В вагоне зажгли огонь. Проводник принес постели, из буфета пронесли чай и корзину с булочками и бутербродами. Выпив чаю, старушка начала укладываться на ночь. Ася (так звали нашу знакомую) вышла в коридор и встала у открытого окна. Теплая, июньская ночь дышала в окно ароматом трав и цветов; в кустах у болотца, которое промелькнуло мимо, защелкал соловей… Поезд летел в темнеющую даль на всех парах, и куда-то далеко-далеко уходили зимние заботы, усталость после весенних выпускных экзаменов на Высших Курсах, разлука с родными. Сознание молодости и жажда счастья властно охватили Асю… Вдохнув еще раз всей грудью ароматный воздух, она вошла в купе и тихо, чтобы не разбудить уснувшую спутницу, забралась на свою верхнюю полку. Вытянувшись и закинув руки за голову, она закрыла глаза…
Хорошо так мчаться на верхней полке в скором поезде! Колеса стучат, вагон покачивается, и кажется, что и сама летишь куда-то в пространство, Вслед за поездом летят мысли, не останавливаясь ни на чем определенном, и так хорошо и покойно становится на душе! Завтра Киев — милый старый, любимый с детства Киев, встреча с друзьями, а впереди — чудесное веселое лето где-то в центре Украины… Столько нового, интересного!.. Ася радостно улыбнулась, повернулась на бок и, уютно свернувшись калачиком, уснула крепким молодым сном.
***
«Высоко передо мною
Старый Киев над Днепром…»
В полдень поезд подходил к Киеву.
В вагоне началась обычная суматоха, — пассажиры собирали вещи, увязывали чемоданы и портпледы, случайные знакомые давали друг другу указания и адреса. Обе наши путешественницы были давно готовы. Как только поезд остановился и в вагон вошли носильщики, Ася поручила одному из них старушку, сердечно простилась с ней и, сопутствуемая ее благословениями, благодарностями и пожеланиями «хорошего жениха», вышла из вагона.

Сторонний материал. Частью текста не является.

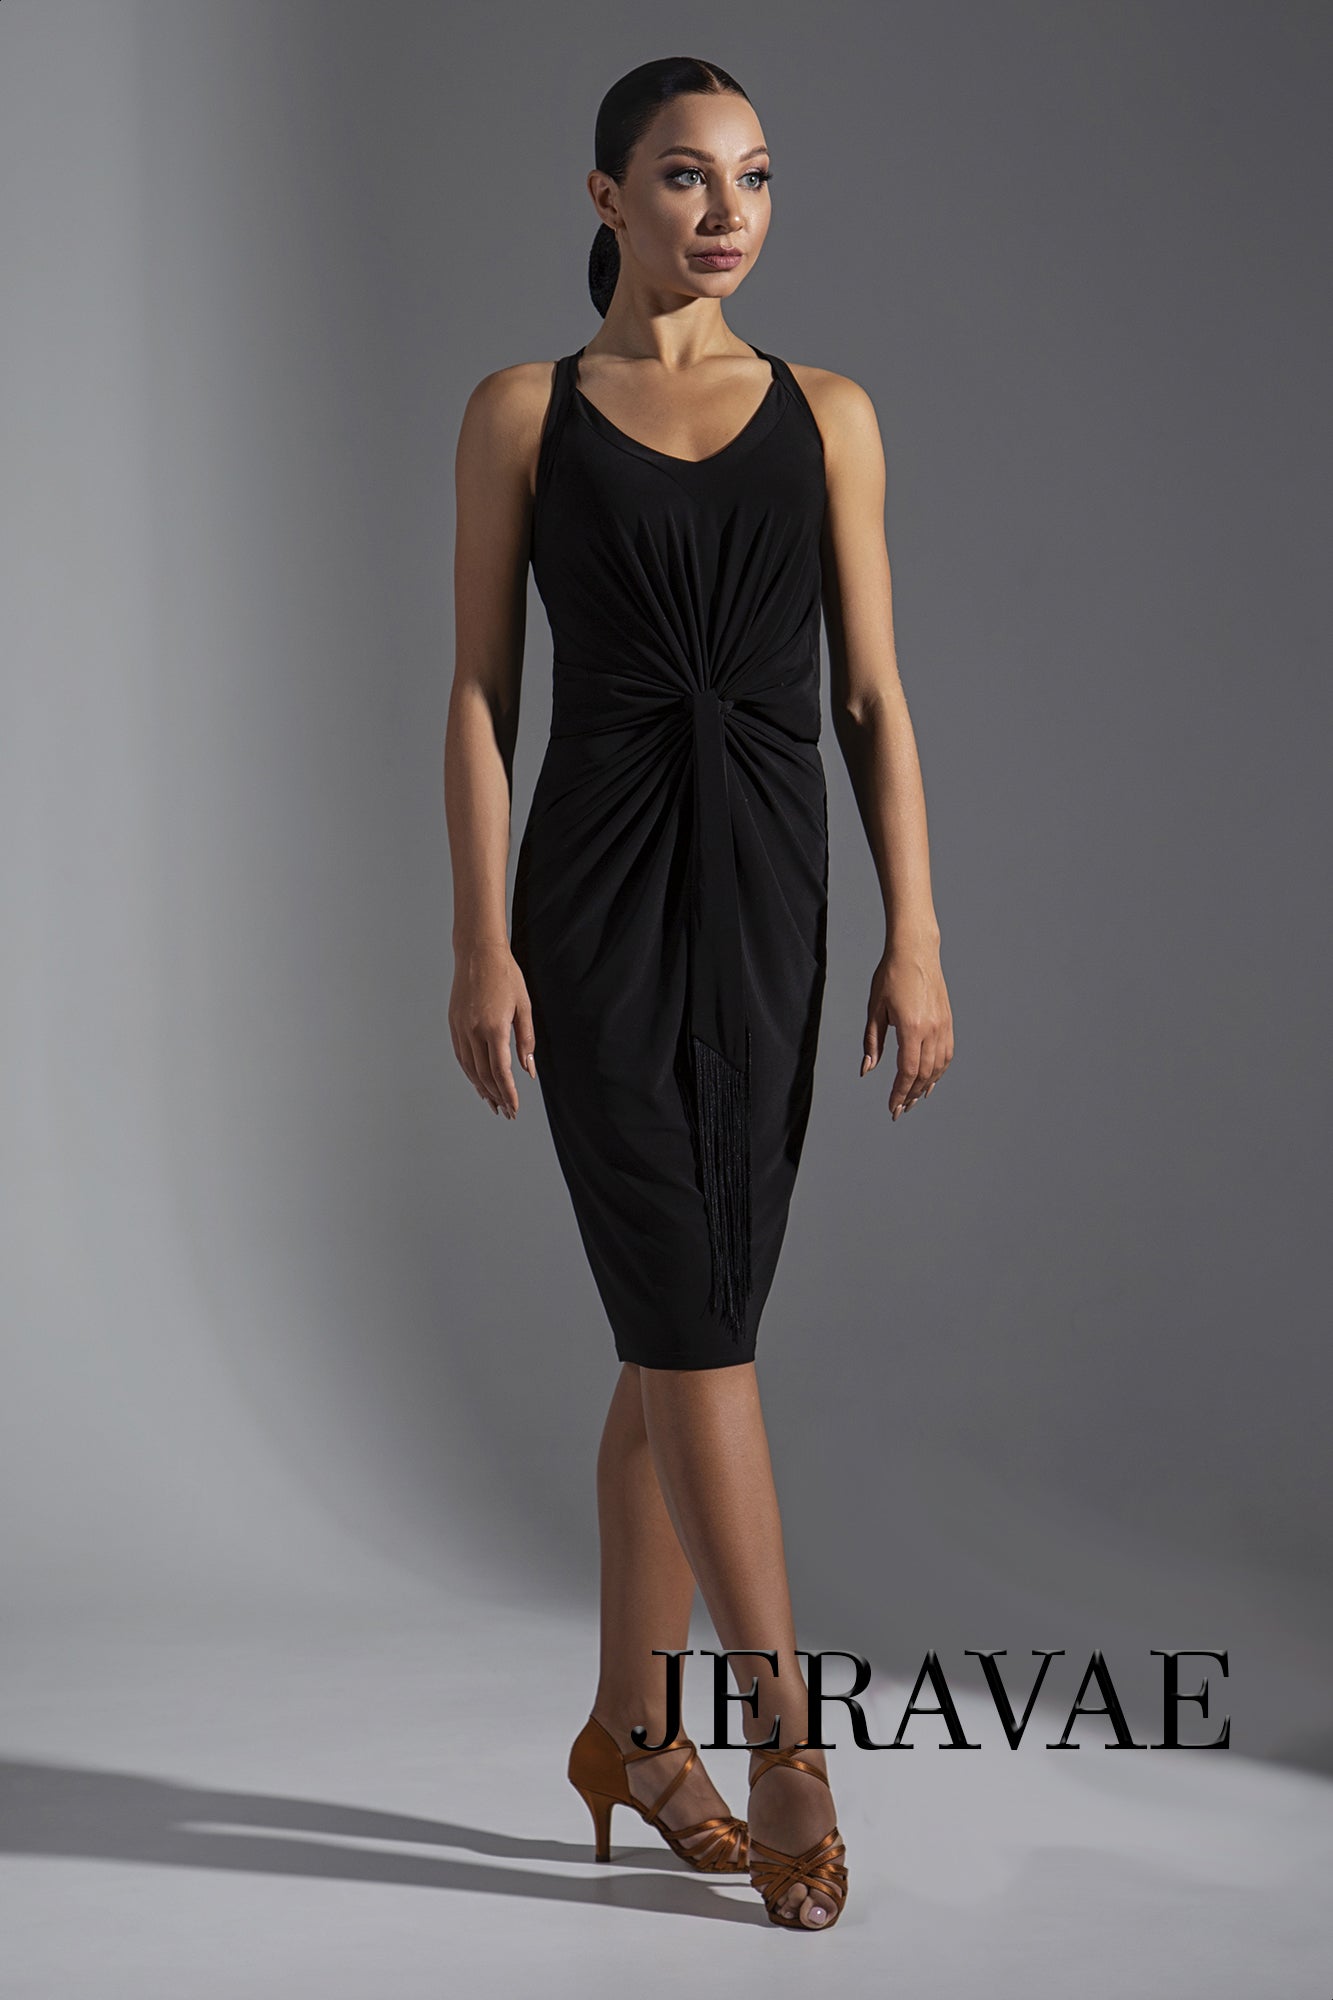 Sleeveless Latin Practice Dress with Gathered Waist Detail, Fringe Sash, and Knee-Length Skirt with Slit in Back Available in Multiple Colors PRA 648

Очутившись на перроне, она поставила чемодан и корзиночку и оглянулась. Кругом бежали люди, везли на тележках вещи, раздавались радостные возгласы… В толпе мелькнула белая шляпа с черной бархоткой, улыбнулось знакомое лицо…
— Таня!..
— Ася! Вот хорошо, что ты вышла на перрон, а то ты не указала в телеграмме номер вагона, и я не знала, где тебя искать… Ну, как доехала?
Подруги крепко обнялись.
— Доехала прекрасно и страшно рада, что опять в Киеве. Ну, а твои все здоровы? Что нового?
— Все здоровы, а нового очень много. Я тебе все расскажу потом. Давай часть вещей и пойдем, — там извозчик ждет.
Через пять минут девушки мчались, покачиваясь на мягких рессорах экипажа, по широким улицам Киева и весело болтали. Они были мало похожи друг на друга. Таня — среднего роста склонная к полноте блондинка с тяжелой пепельной косой, короной уложенной на голове, со спокойными голубыми глазами — держалась солидно и казалась старше подруги. Ася — высокая, тоненькая, стройная шатенка, с выбивающимися из-под берета непокорными завитками чуть рыжеватых стриженых волос, с серыми немного широко поставленными глазами — выглядела почти девочкой.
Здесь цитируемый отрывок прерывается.